> [DATA SECTION]
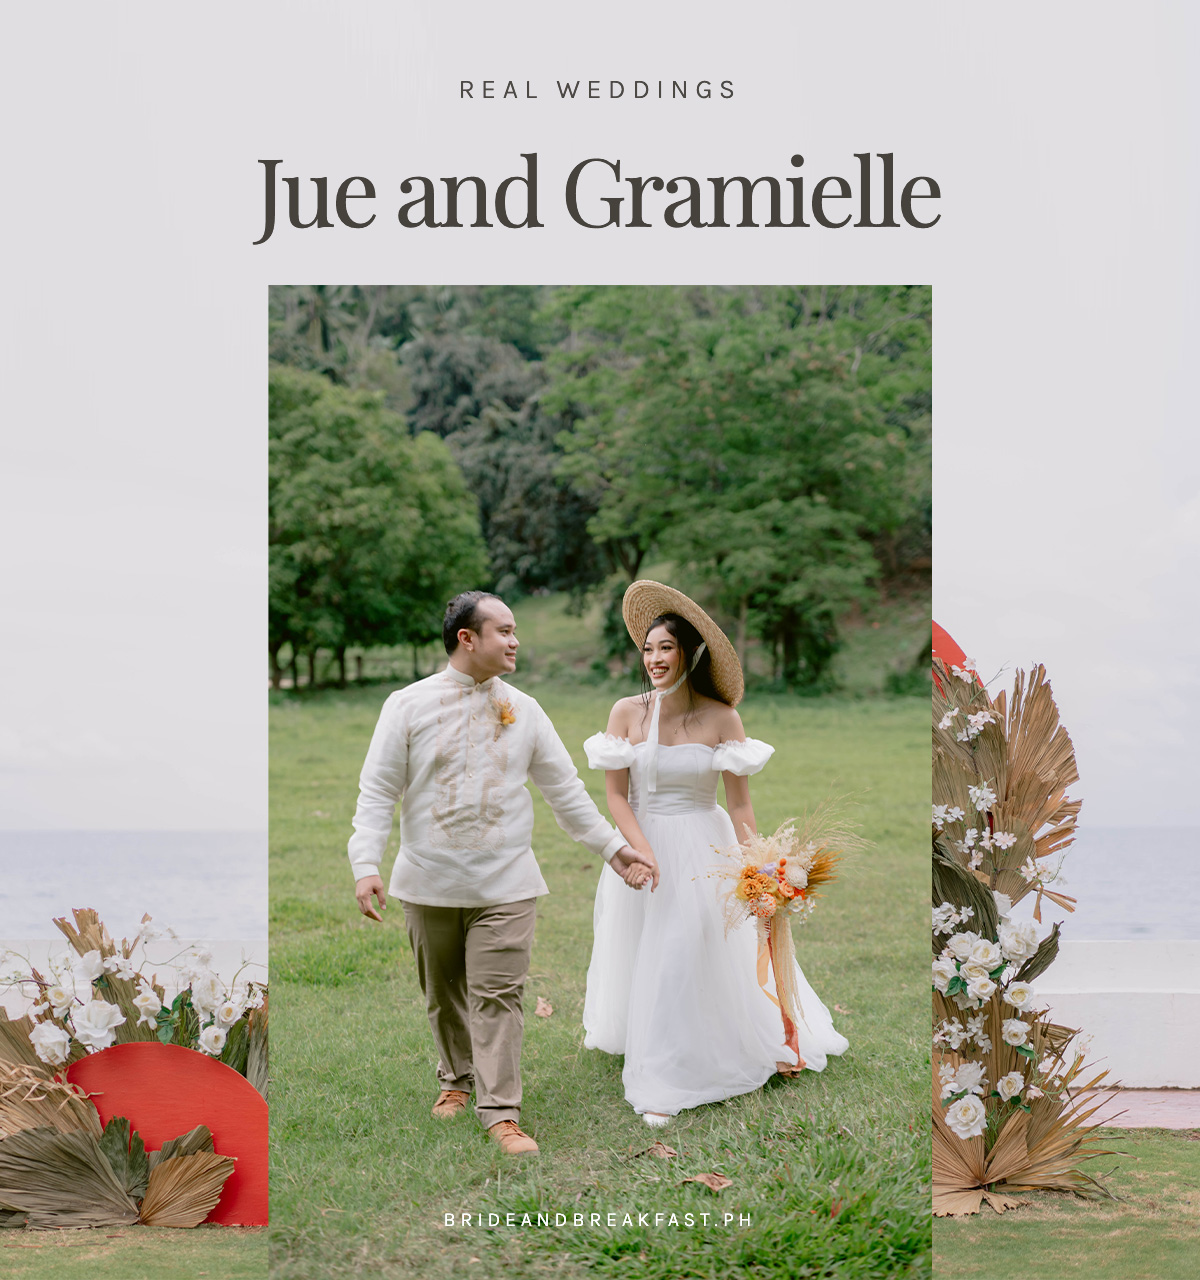 Jue and Gramielle
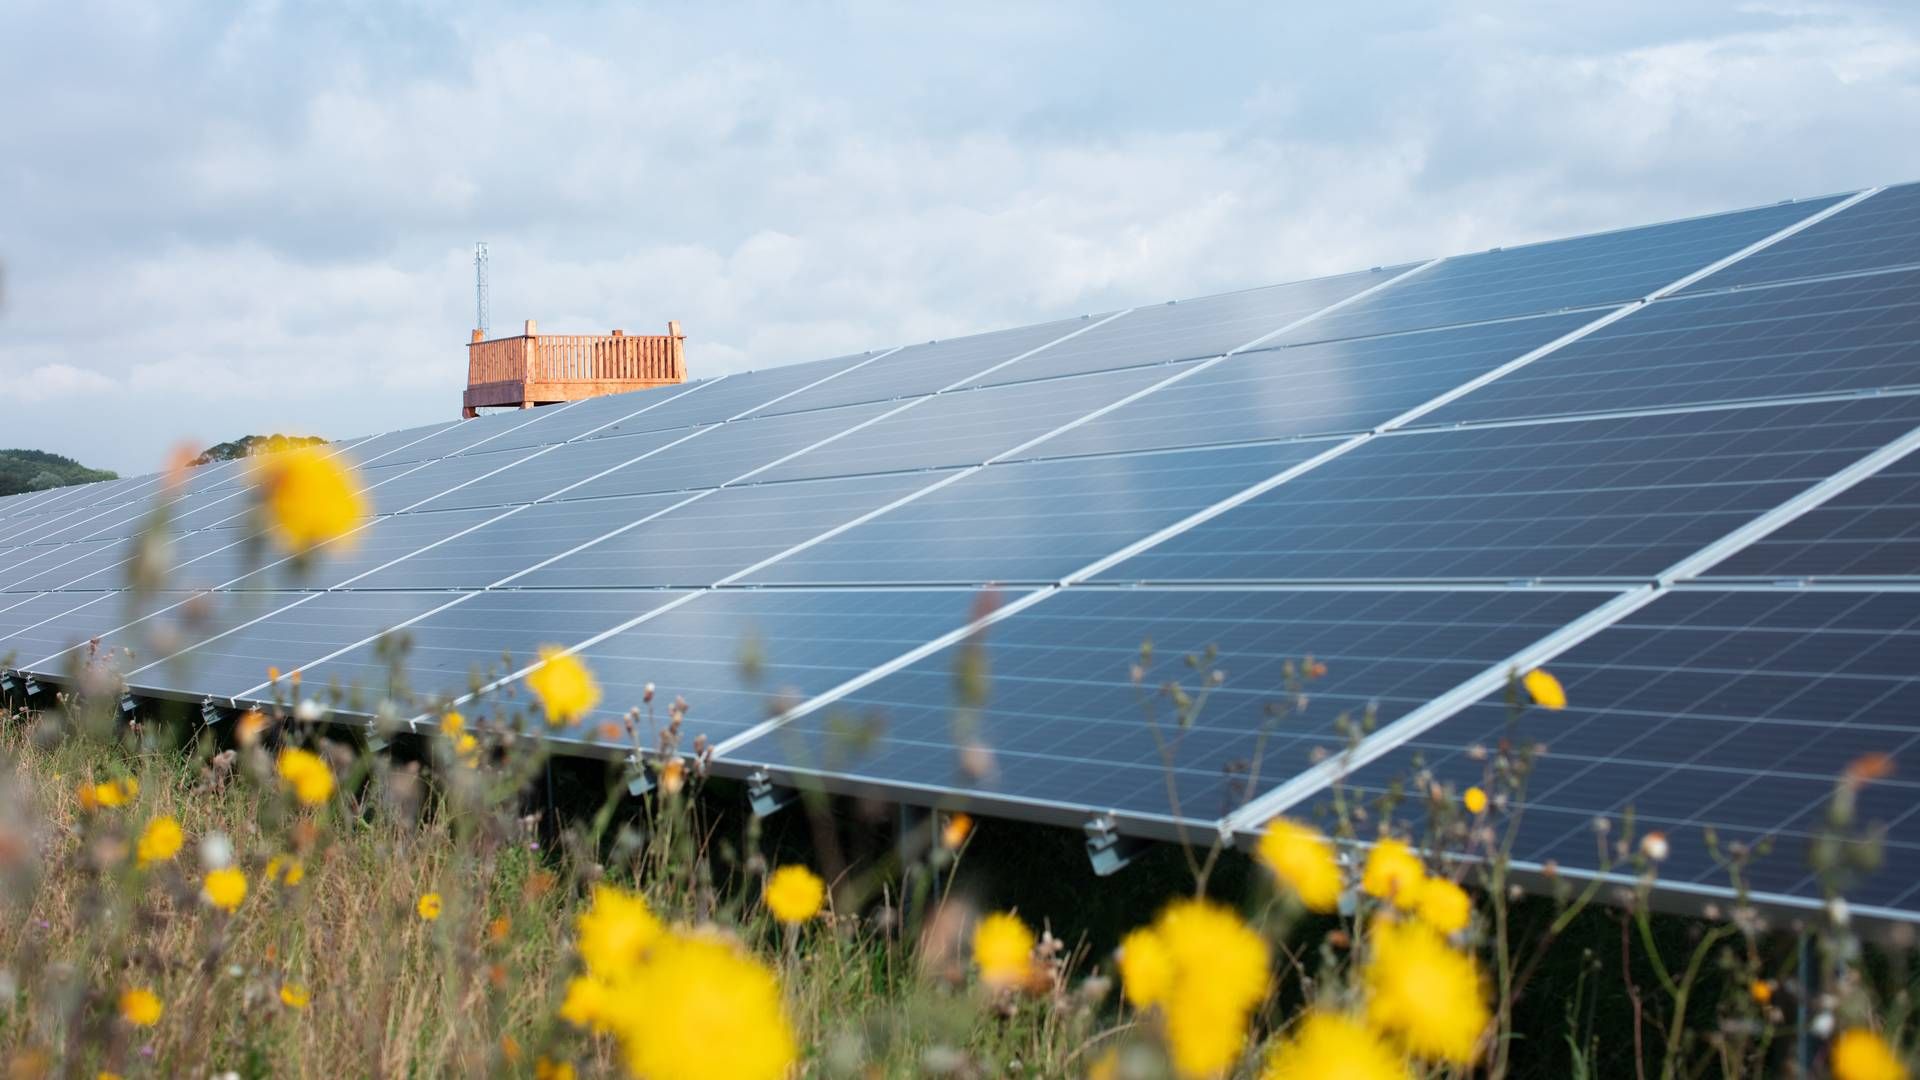 "Better Energy has proven that they are able to develop, build and connect to the grid some of Poland's largest solar farms," says Helle Ærendahl Heldbo, head of alternative investments. | Photo: Better Energy
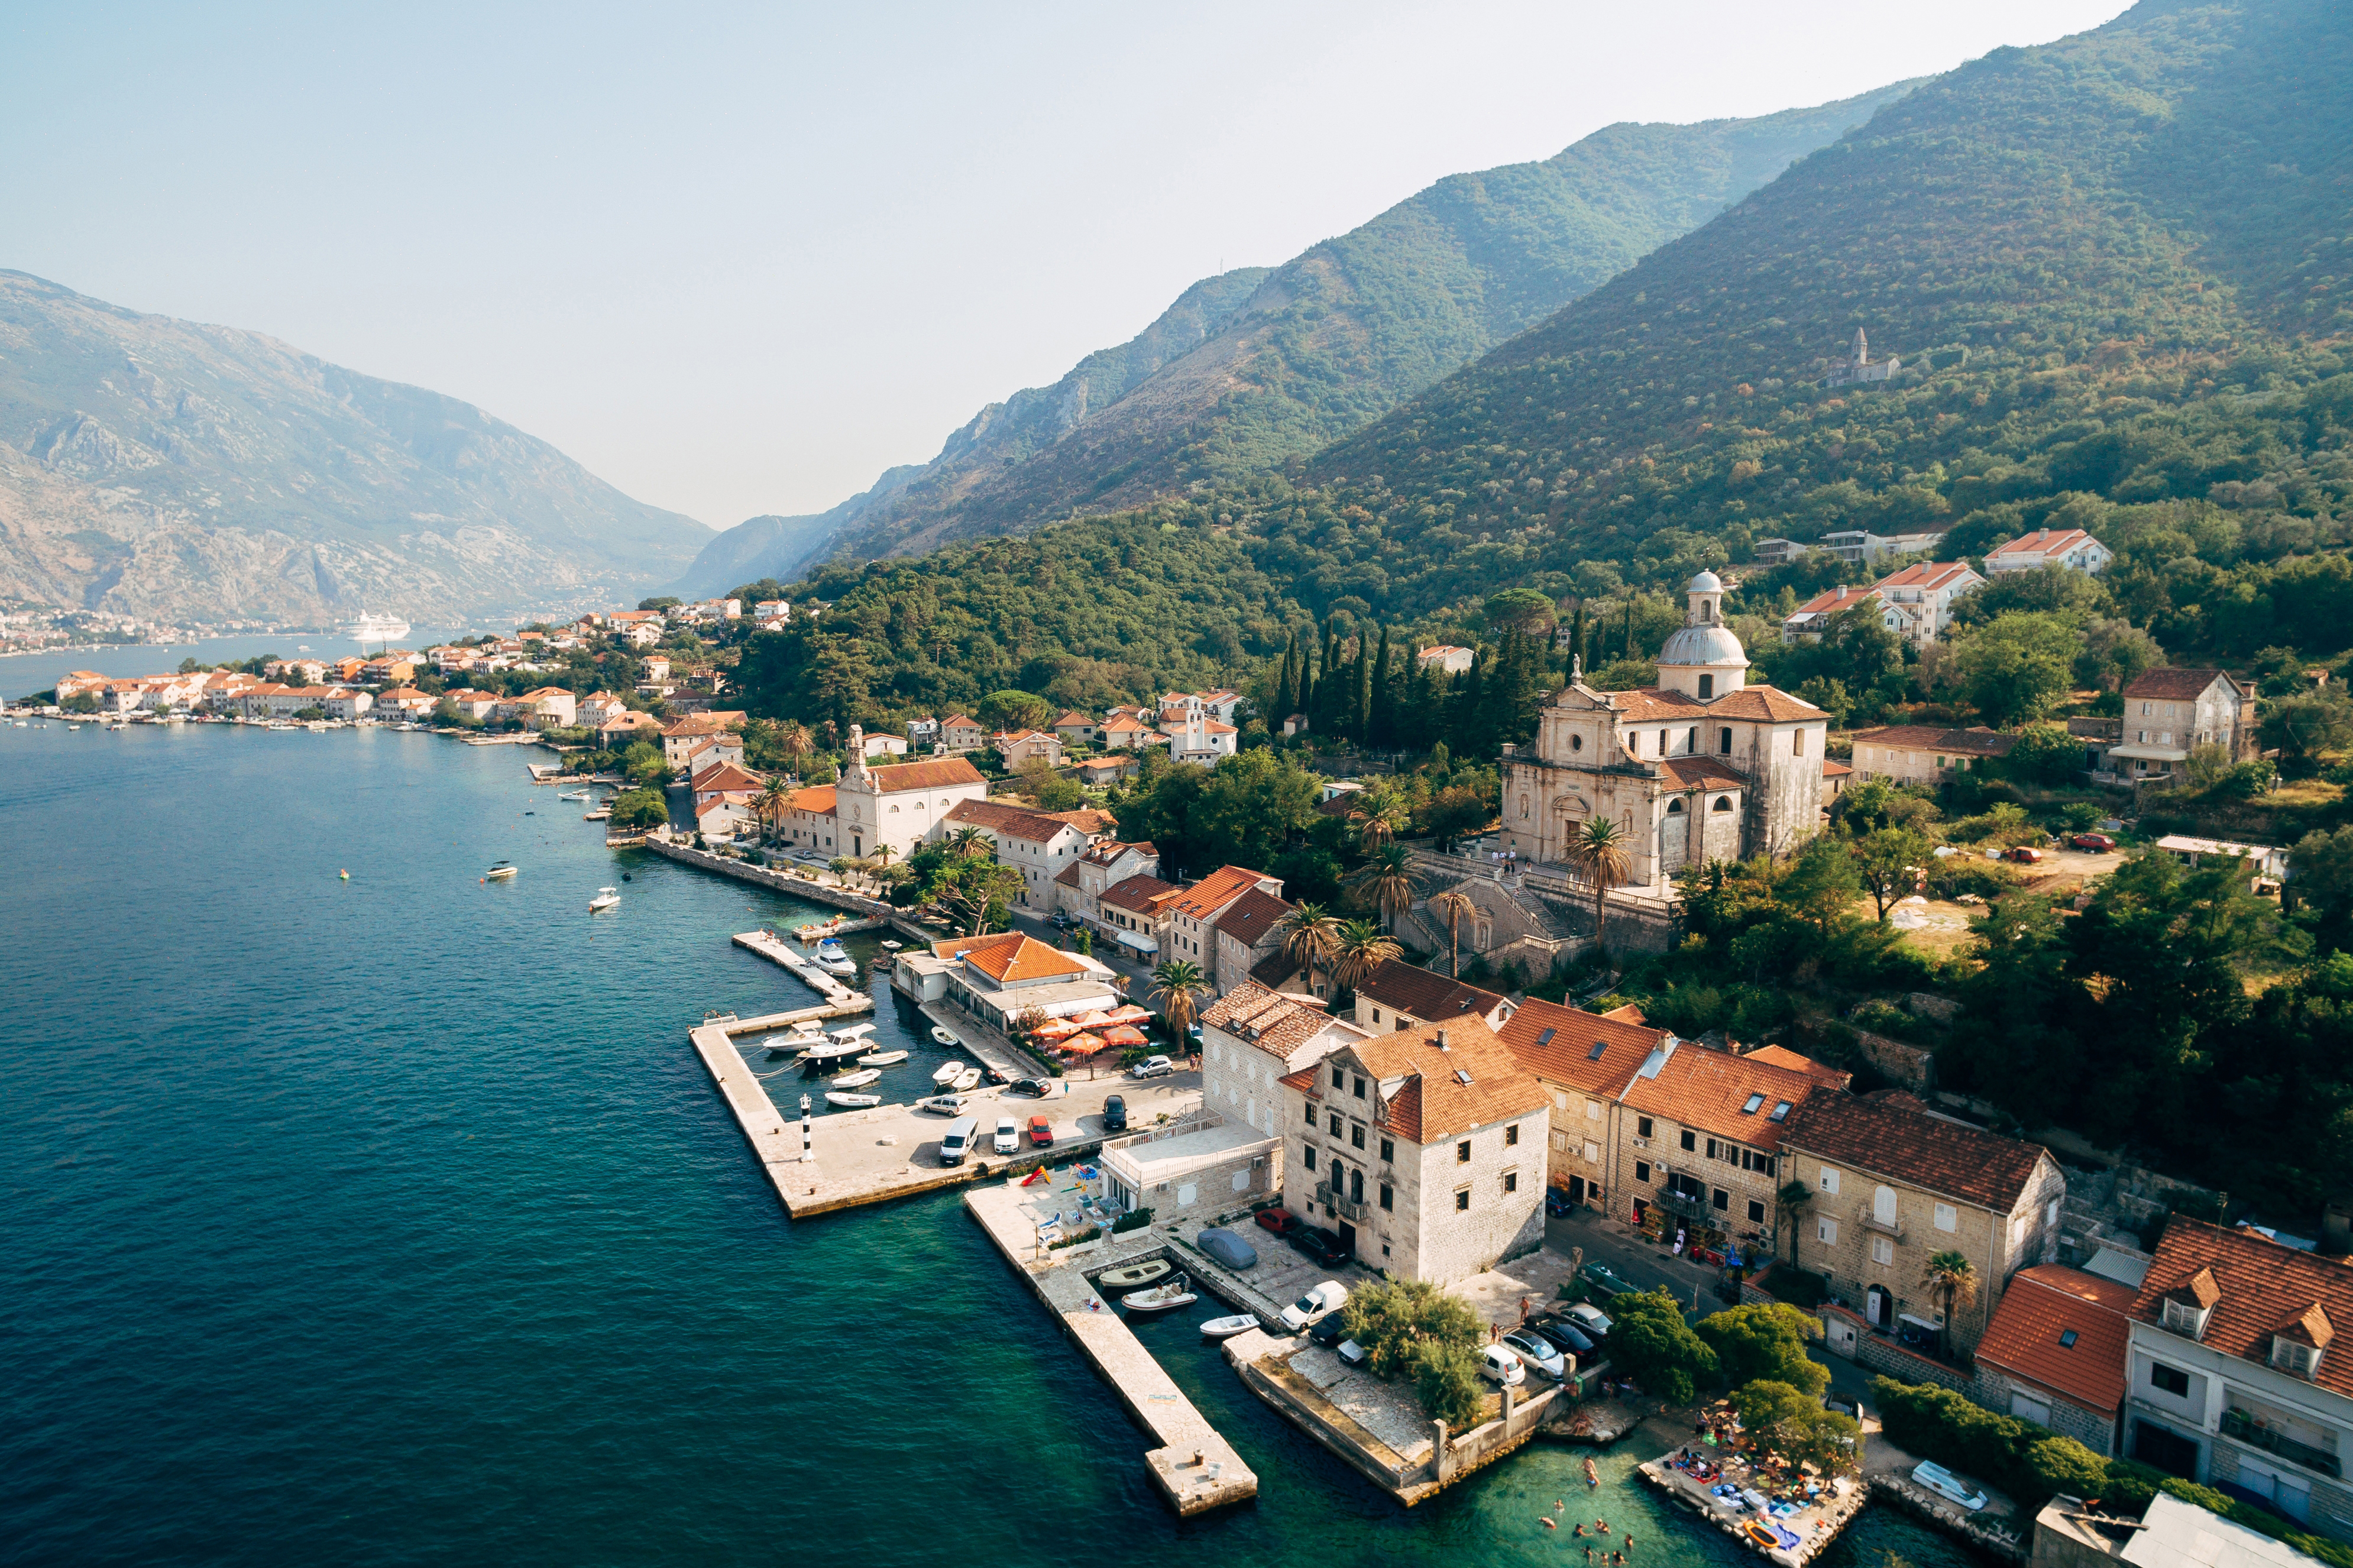 Kotor is a city where Russians can get education in Montenegro

> [YOUR OBJECTIVE]
Copy out every line of the material above exactly, skipping the pictures.

> [RESPONSE AREA]
 Jue and Gramielle
 "Better Energy has proven that they are able to develop, build and connect to the grid some of Poland's largest solar farms," says Helle Ærendahl Heldbo, head of alternative investments. | Photo: Better Energy
 Kotor is a city where Russians can get education in Montenegro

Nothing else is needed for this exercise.